一下子拿走了八万,首付肯定是不够了,哪怕是最小的户型,而且身处北京,总得手头留一点余钱,万一生个病什么的,医药费会像吸血鬼一样一个晚上花光你所有的储蓄。“没关系,我们还年轻,再攒两年钱,肯定就能买了,别着急!”李木充满惭愧地鼓励道。出于内心的愧疚,李木还是把家搬到了离武静学校近的地方,宁愿自己骑自行车外加挤公交地受折磨。
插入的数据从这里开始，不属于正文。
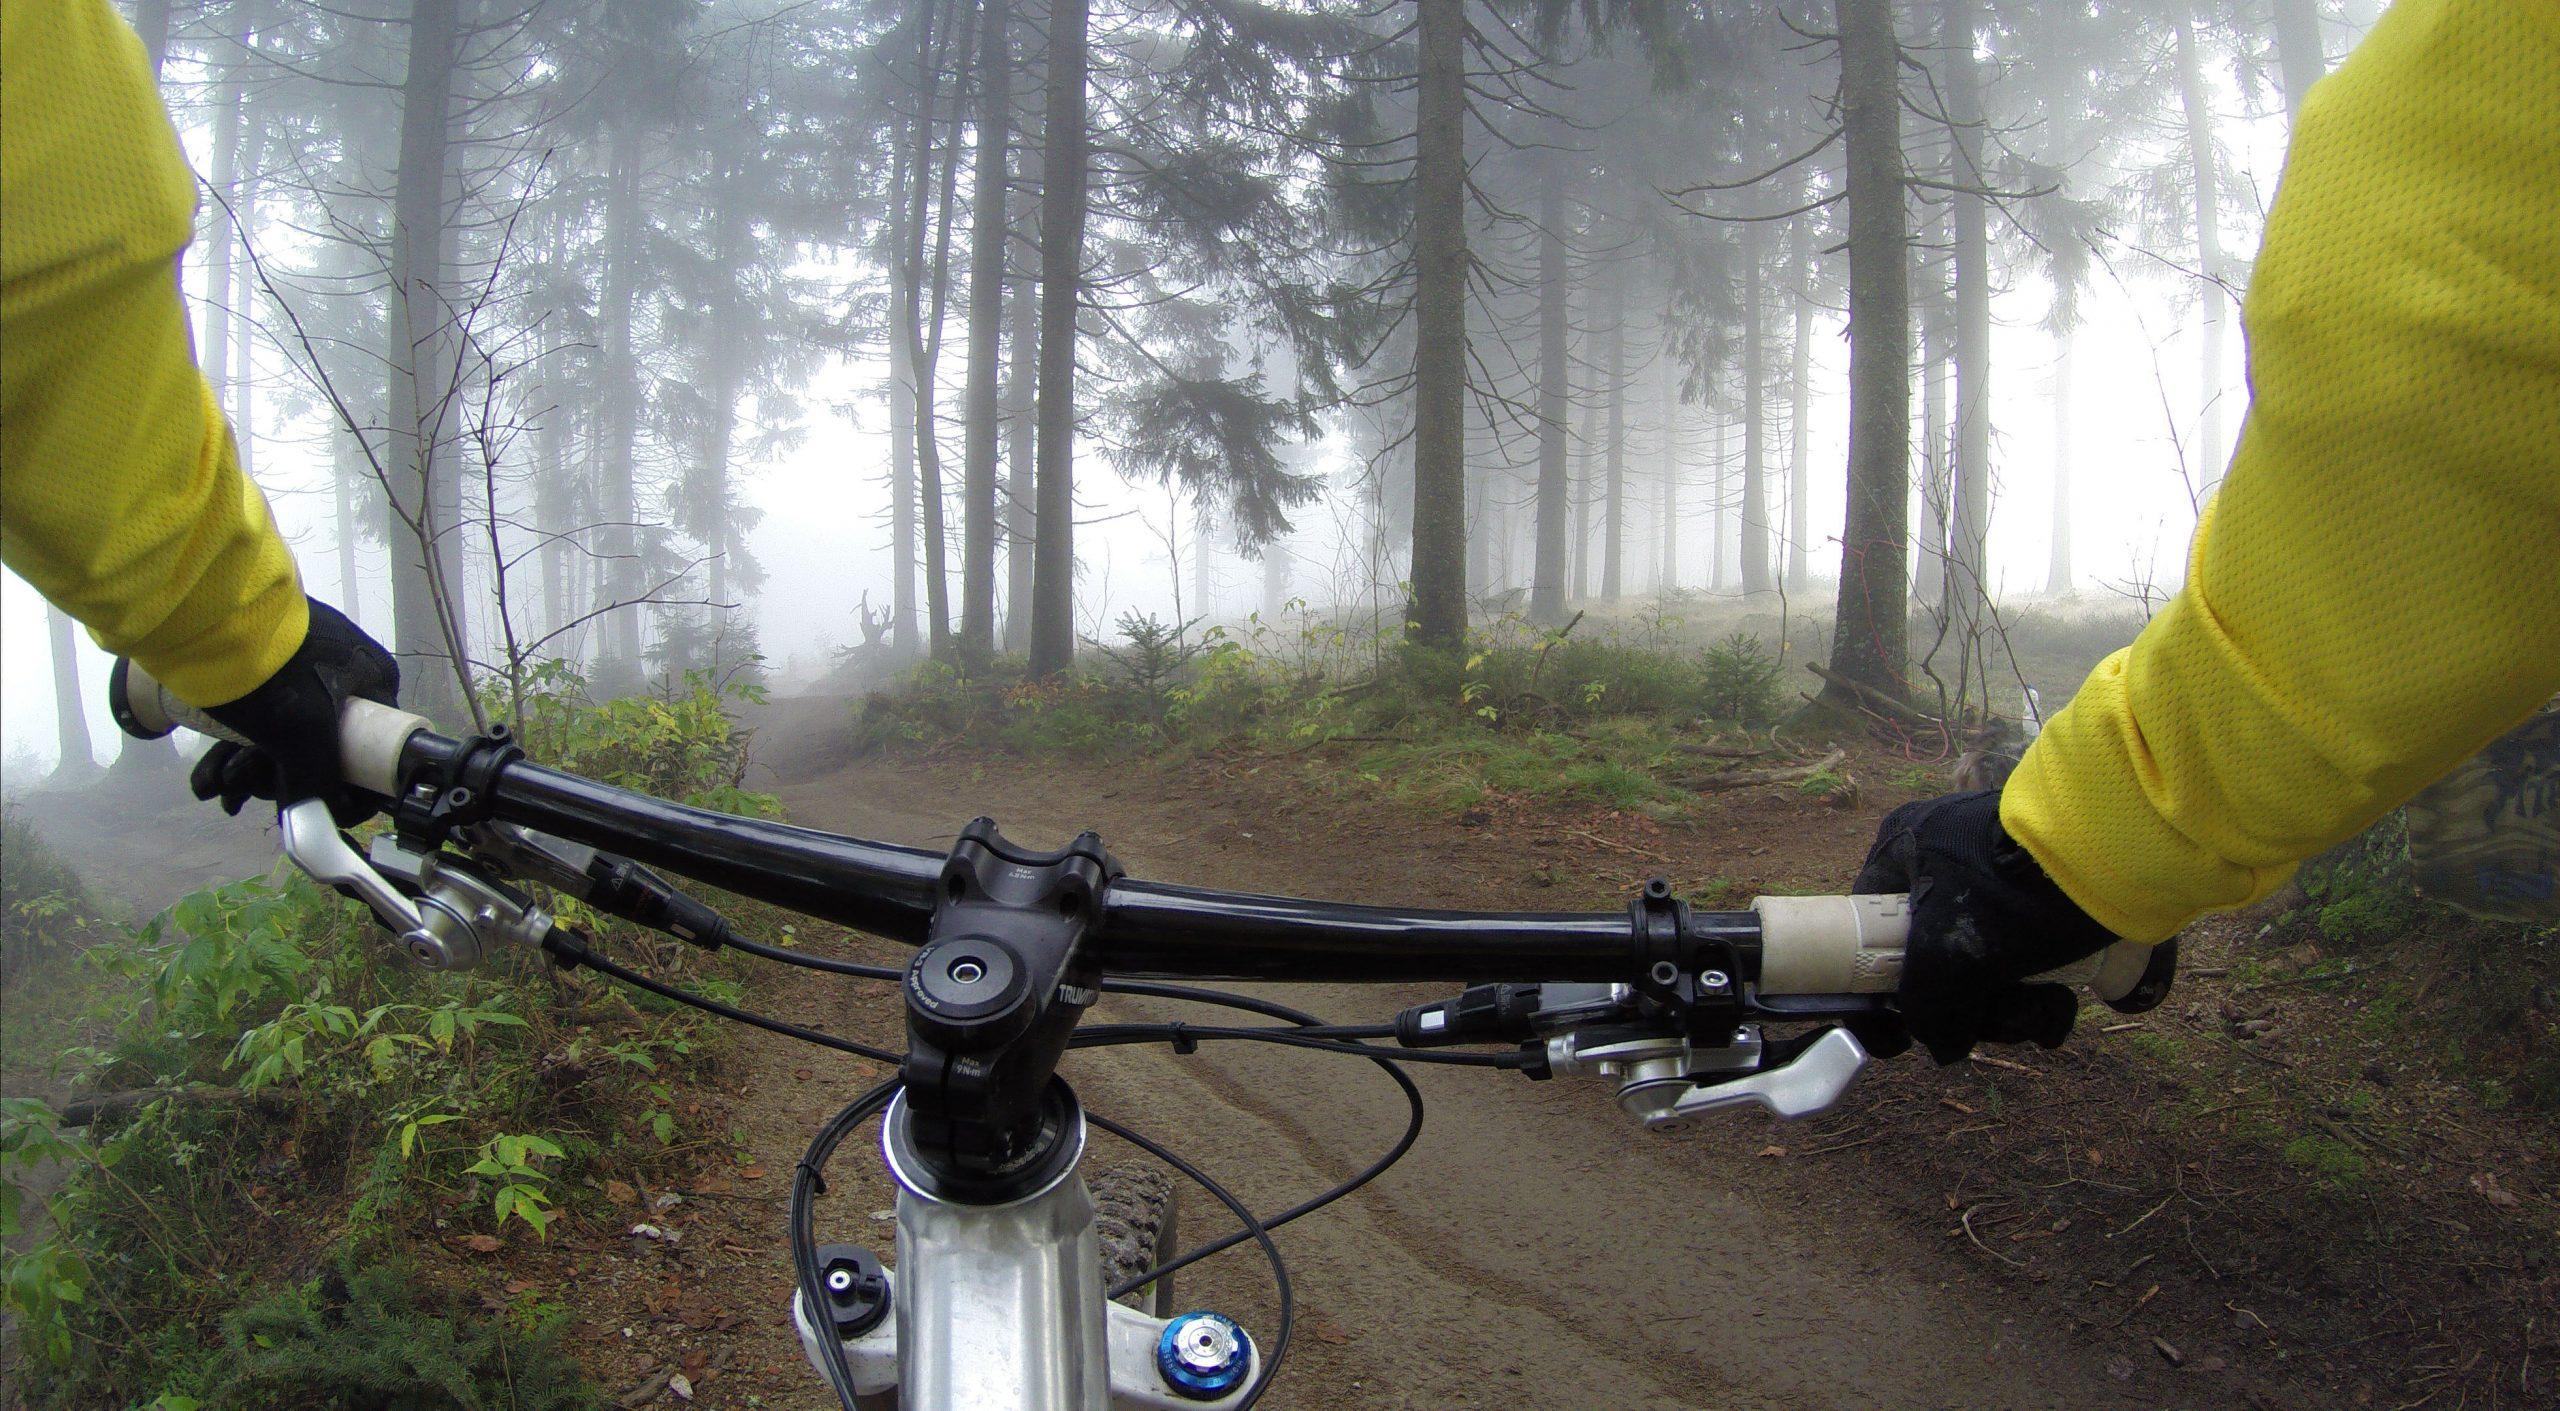 alexandra dech hI1DsDRJWvY unsplash scaled - Mountainbike om vinteren?

然而,事情完全出乎李木的料想,北京的房价这两年像是坐上了热气球。当年他们看好的房子均价6000多元一平方,现在已经涨到了12000元,而且还没有小户型。李木的工资从原来的4000多涨到6000多,武静也不过三千出头,去掉交房租和日常开销,对于北京均价10000元一平方的房子,无论如何也拿不出首付了。关键是这种趋势丝毫没有逆转的兆头。房价还是在顽强地创新高,任李木、武静怎么踮脚蹦高都够不着。
被房价改变的爱情
武静的话明显少了,她本来就不是一个很爱说话的人。租来的房子里,夏天蚊子多得要命,而且好像蚊子都具有了超强的耐药性,电蚊香、杀虫剂,什么招都用上了,还是越用越多。即使隔着蚊帐,武静也曾经多次在半夜被蚊子咬醒过,抓得浑身都是包,有的包破了,鲜血淋漓。之后,武静就睡不着了,偷偷地哭。
李木睡得轻的时候会马上爬起给她擦药水,再安慰安慰她。然而,就连李木自己都觉得自己的安慰是那么脆弱而轻微。什么时候能体面地住进新房?李木觉得自己就像一颗尘埃,飘浮在北京浑浊的空气中。他开始怀疑自己当初的选择,看起来北京真不是什么人都能闯的。
眼看着春节就要到了,武静给李木发了一条短信说希望谈谈。李木预感到了什么,只是没有想到这么突然和直接——离婚。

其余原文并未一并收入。